I don’t respect them at all and they are reliable only in their bootlicking obsequious sycophancy.
Charles P. Pierce, a man with a natural thesaurus as good as my own, explains-
There Is So Much Wrong With This Sentence in The New York Times
by Charles P. Pierce, Esquire
Aug 29, 2017
There is so much wrong with this one sentence from The New York Times on Tuesday morning that it may be the single wrongest sentence in the history of wrongness, and of sentences.
Hurricane Harvey was the rarest of disasters to strike during the Trump presidency — a maelstrom not of Mr. Trump’s making, and one that offers him an opportunity to recapture some of the unifying power of his office he has squandered in recent weeks.

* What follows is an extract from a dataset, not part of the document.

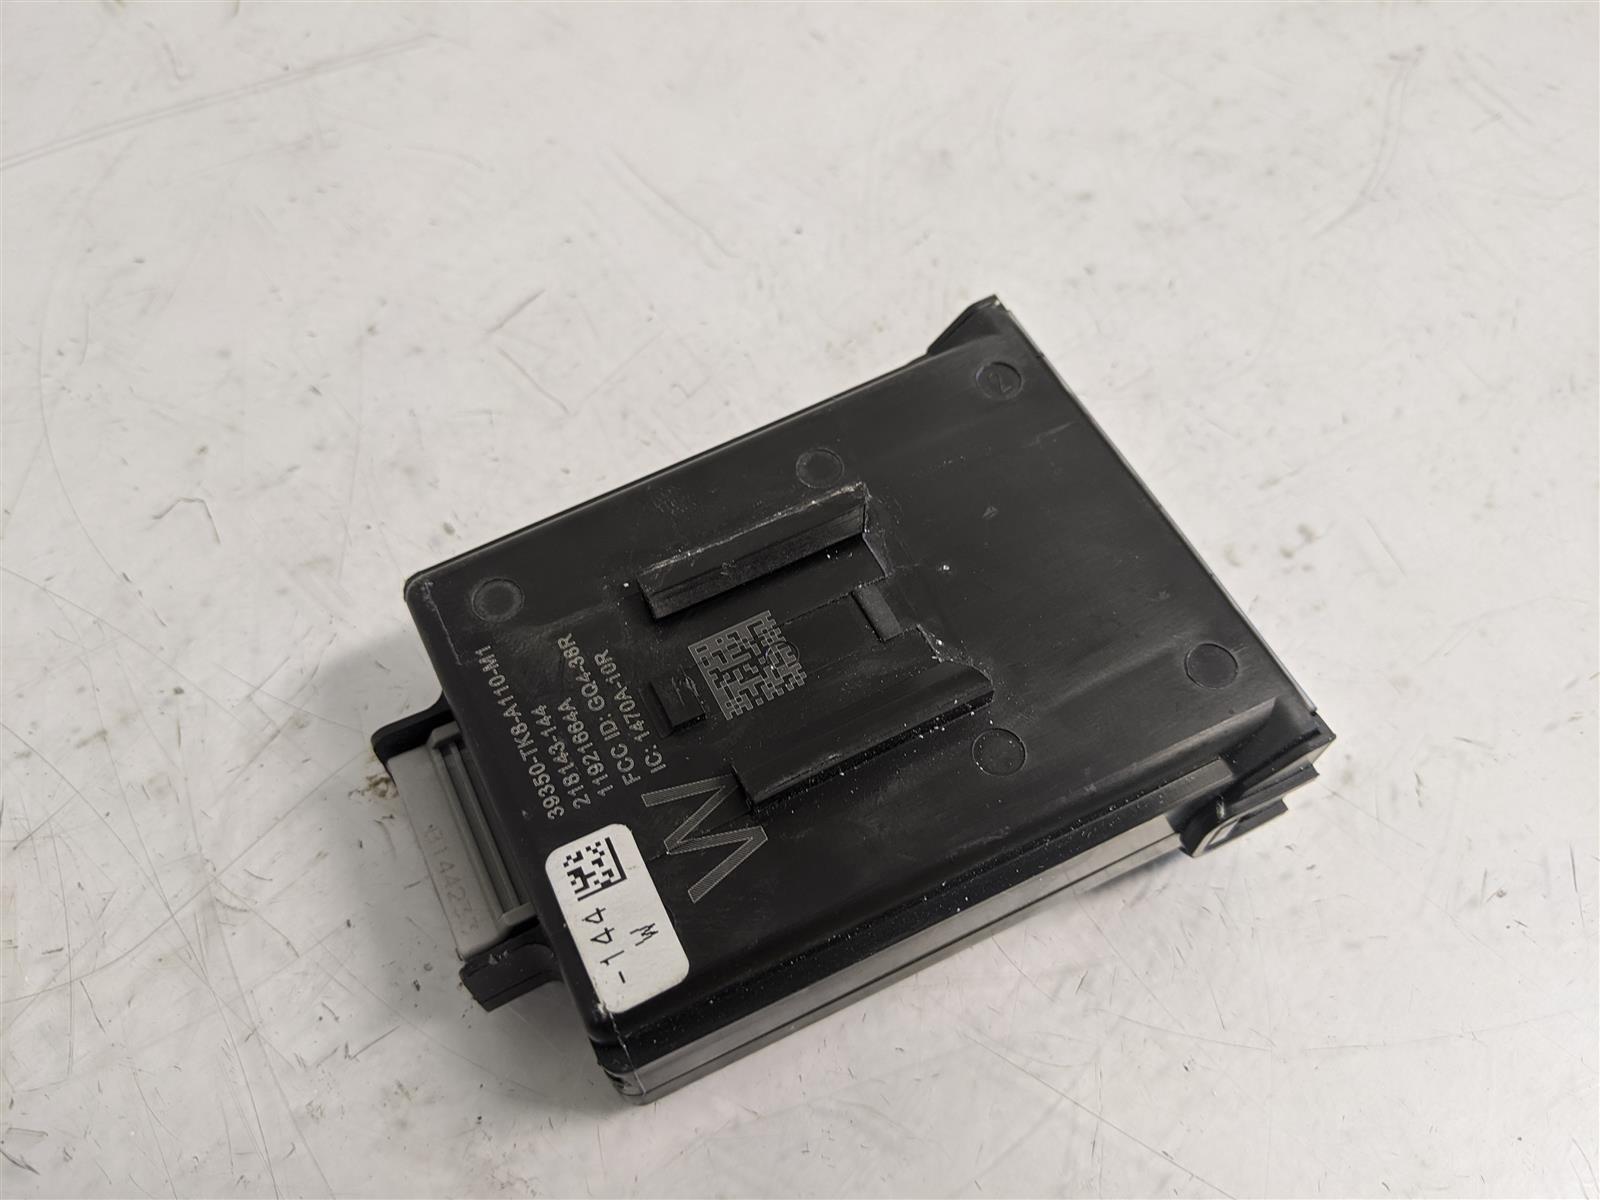 2014 Honda Odyssey Suspension Control Unit Replacement

When in the name of god has this president* demonstrated the power to unify anything except division and anger? “Recapture” implies that he had it in the first place, or that he’s shown any indication that he ever wanted it. In the immortal words of the late Muddy Waters, you can’t spend what you ain’t got and you can’t lose what you never had.
The lifeboat phrase there, of course, is when Glenn Thrush places this “unifying power” in his office, rather than in the president* himself. Again, however, this particular occupant of the office has demonstrated right from his inaugural address that, even if he believed in the power of his office to unify, he wouldn’t know where to look for it. In that particular event, he’d be a guy who tried to turn on the lights of his office with the taps in the bathroom sink. But this most recent appeal for the vaunted presidential “pivot,” which is likely to prove as vain as all the other ones have been, demonstrates a phenomenon common to many political observers besides Glenn Thrush, and a phenomenon that did not begin with elevation of this particular president*.

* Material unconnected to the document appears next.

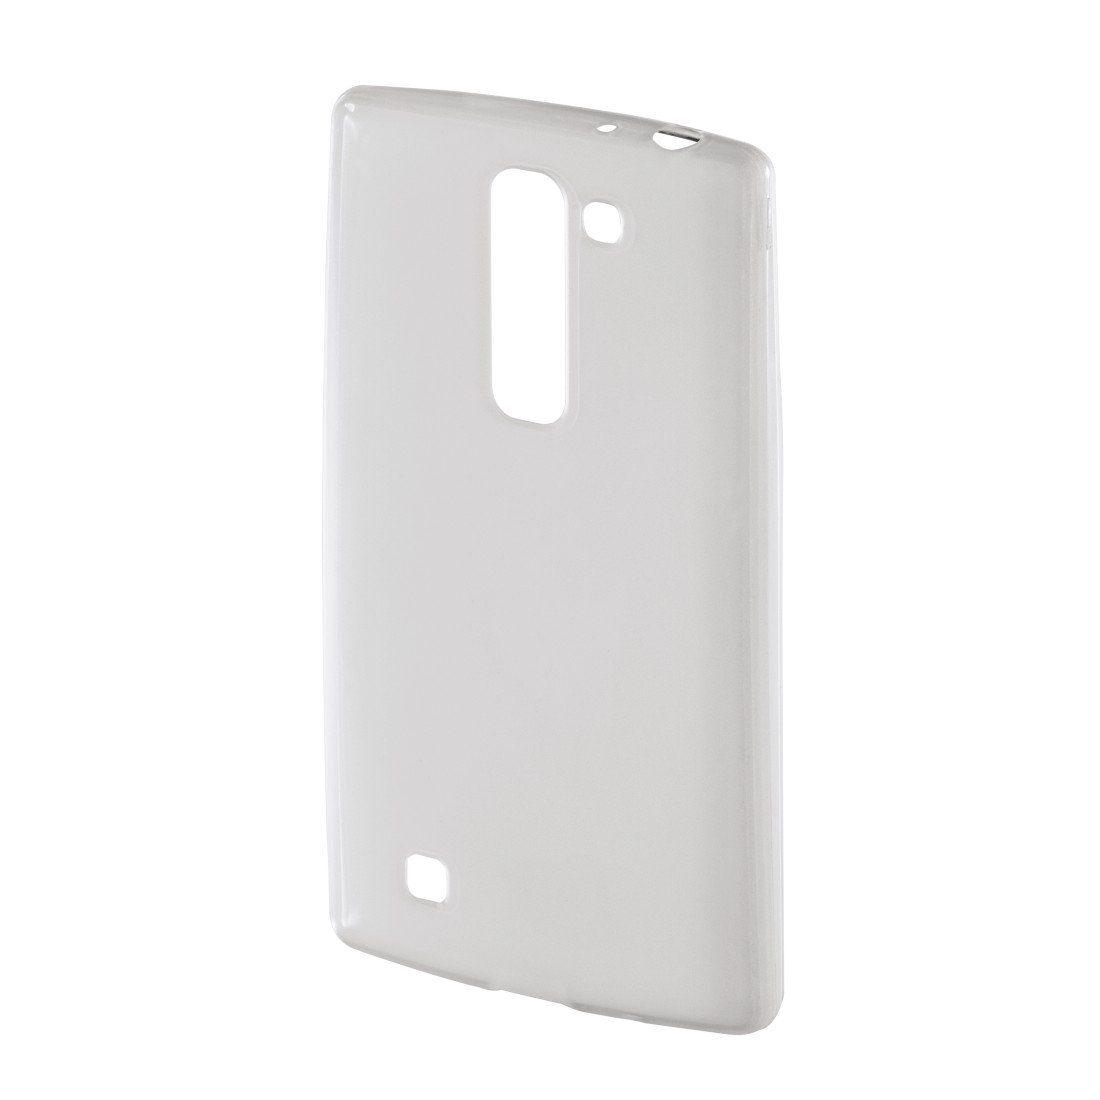 Hama Cover Crystal für LG Magna/LG G4c, Transparent

This is how Ronald Reagan skated on the crimes of the Iran-Contra affair. In Mark Hertsgaard’s study of the press in the Reagan era, On Bended Knee, Ben Bradlee, the hero editor of Watergate, says flatly that another “failed presidency” would be disastrous, and that Katherine Graham, the hero publisher of Watergate, “called for a retreat” in her newspaper’s aggressiveness in the wake of Watergate and the rise of the Reagan Administration. You can see this at work as well in The New York Times’s decision to bury the story of the George W. Bush administration’s illegal surveillance program so as “not to affect” the 2004 election, even though that is precisely what that sort of story is supposed to do.

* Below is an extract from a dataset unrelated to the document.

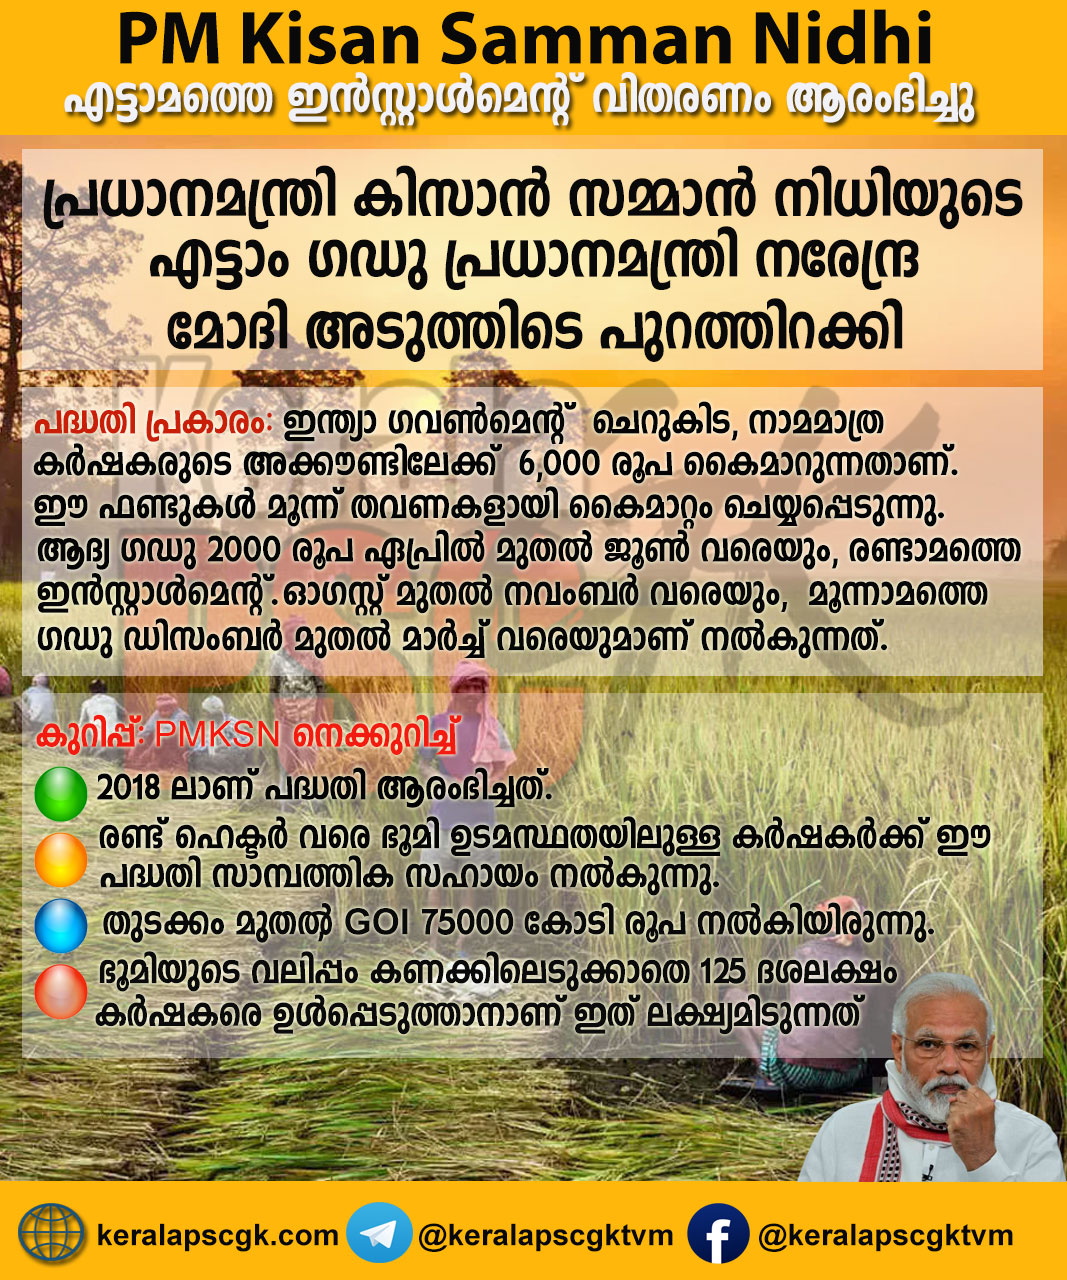 Eighth Instalment released PM Kisan Samman Nidhi

This is more than mere deference to power. A lot of institutions are powerful but still subject to an aggressive press and a skeptical public. But the presidency has grown to the point where a failed president shakes the comfort zone down to its foundations. Too many people want a unifying Daddy in the White House so much that, if a president is not up to the job, those people will create that unifying Daddy out of shoddy material and wishful thinking.
Stockton-
Journalism is not a profession or a trade. It is a cheap catch-all for fuckoffs and misfits— a false doorway to the backside of life, a filthy piss-ridden little hole nailed off by the building inspector, but just deep enough for a wino to curl up from the sidewalk and masturbate like a chimp in a zoo-cage.